Can you increase the value? And it is also a roadmap. It is something that we are starting to implement internally in Microsoft, and the value that we are seeing is something that we want to also to export and expose to everyone. threat modeling, really in a modern way is possible, and the recommendation is to stay tuned, to get in touch. There is the reference here about my blog where I have put some articles about those ideas and I continue to put new information. So that’s it from my side. I hope you enjoyed this presentation on threat modeling vNext.
There are different tools that are out of there, some commercial tools also that may be adopted in this way. I will say that no free tool right now, unfortunately, is filling this need, and when I talk about the commercial tool, I talk about non-Microsoft tools. So this is not, I will say, some of the advertising for us. There are hopefully news that will help to cover using free tools for this in the future, but it’s too early. So the only thing that I can tell you is to keep looking at my blog, where definitely news on these will be published.

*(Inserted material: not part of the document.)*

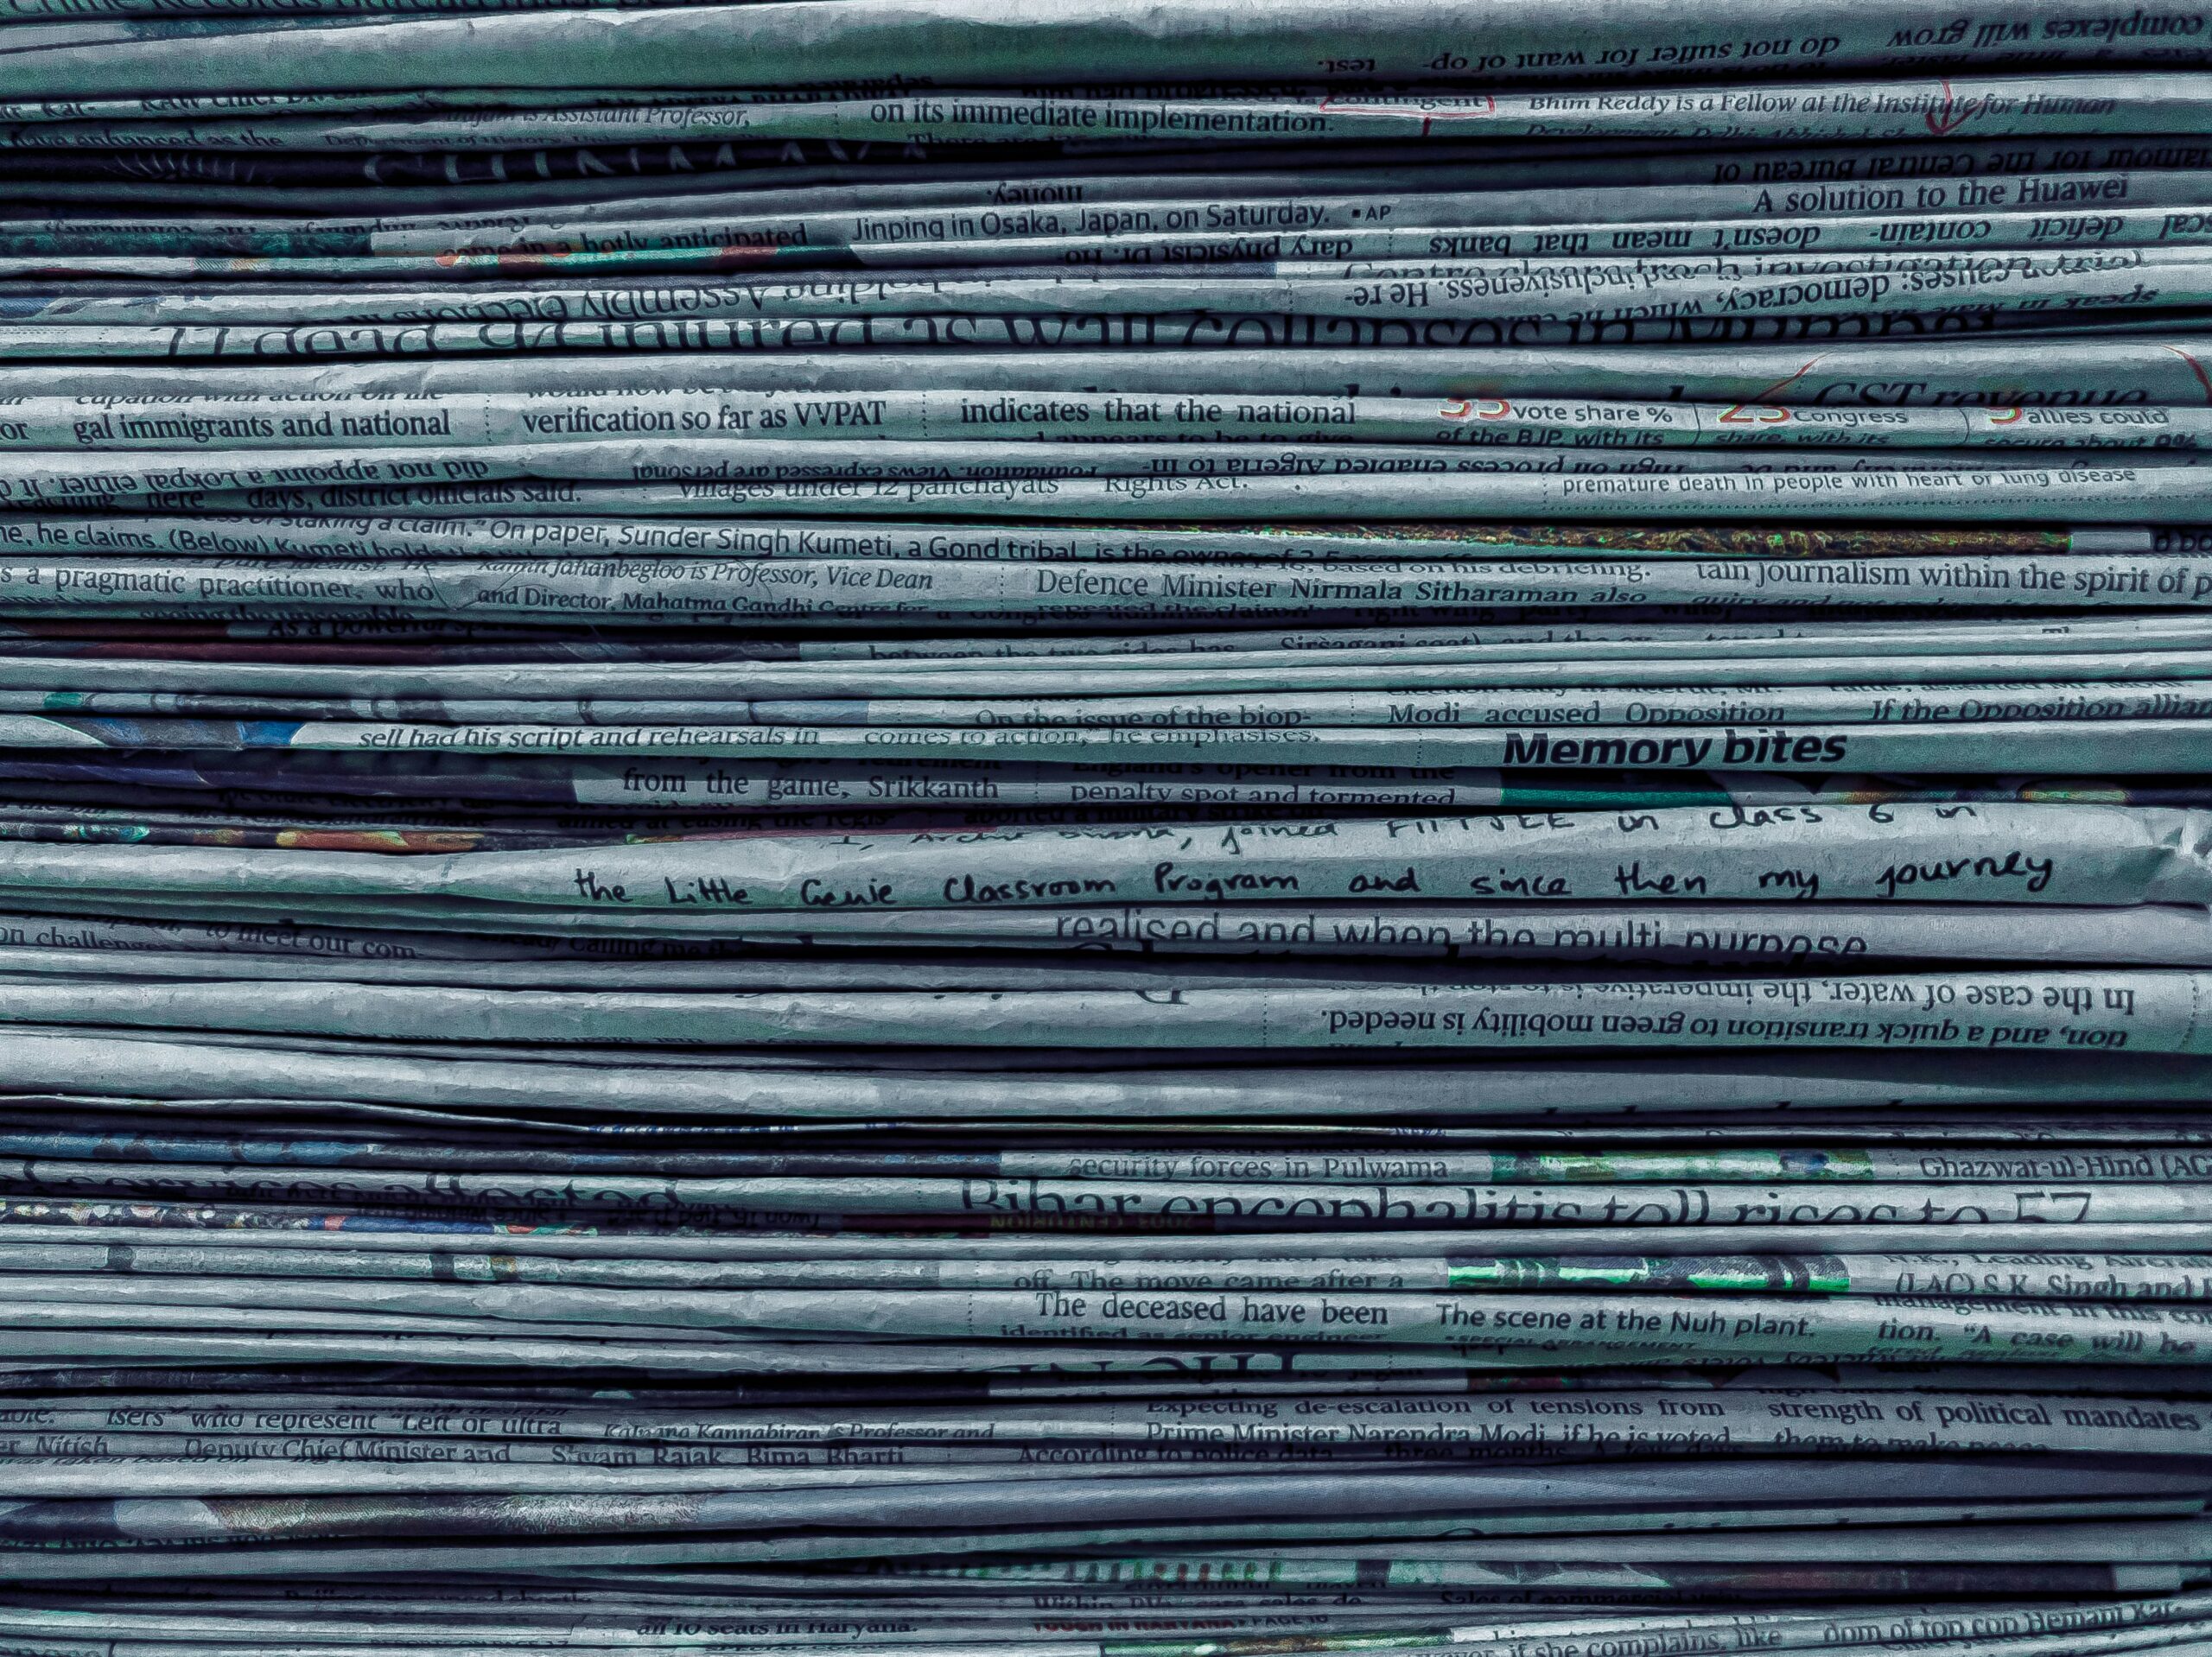 A close up of a large stack of newspapers.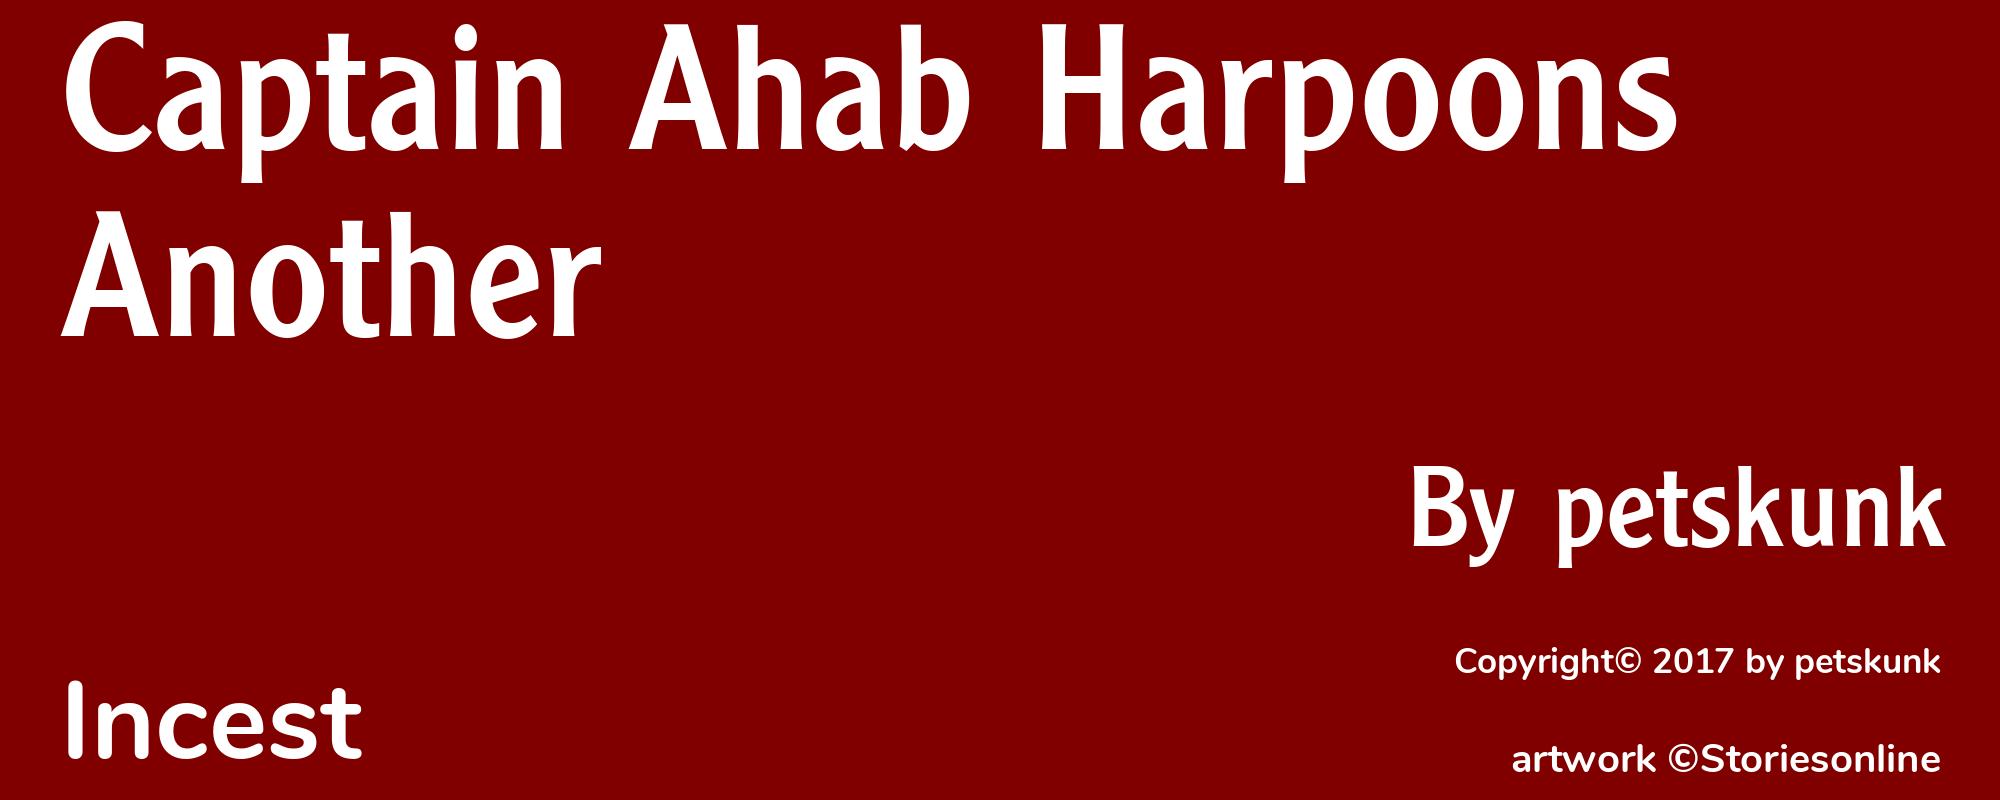 Captain Ahab Harpoons Another - Cover

By creating a basic set of high quality reference templates, a knowledge basis that will help it to identify the common risks in a way that will be easily adoptable, usable in the threat model. This could provide the first result. By the way, by doing this, you also are teaching to people about the potential risks. This is how I learned to do threat modeling. So this is definitely the first way to go. Another way to go is to perform reviews. Definitely, this is also something that we have seen done. Tools may help also in doing some validation about the complexity quality of the threat models that are done, but yeah, I think those approaches will be the best.
There are parts like the integration with Azure DevOps which are in the process of being realized, and also we are going in the direction of integrating very advanced topics, like risk management, exception management in particular as part of the risk management to extend the reach to people that are more business oriented, and also quantitative risk assessment is another very important concept that needs to be included in threat modeling, and this is something where we are working, but it’s already something that we internally are using for all of our engagements, and some product groups have adopted this approach.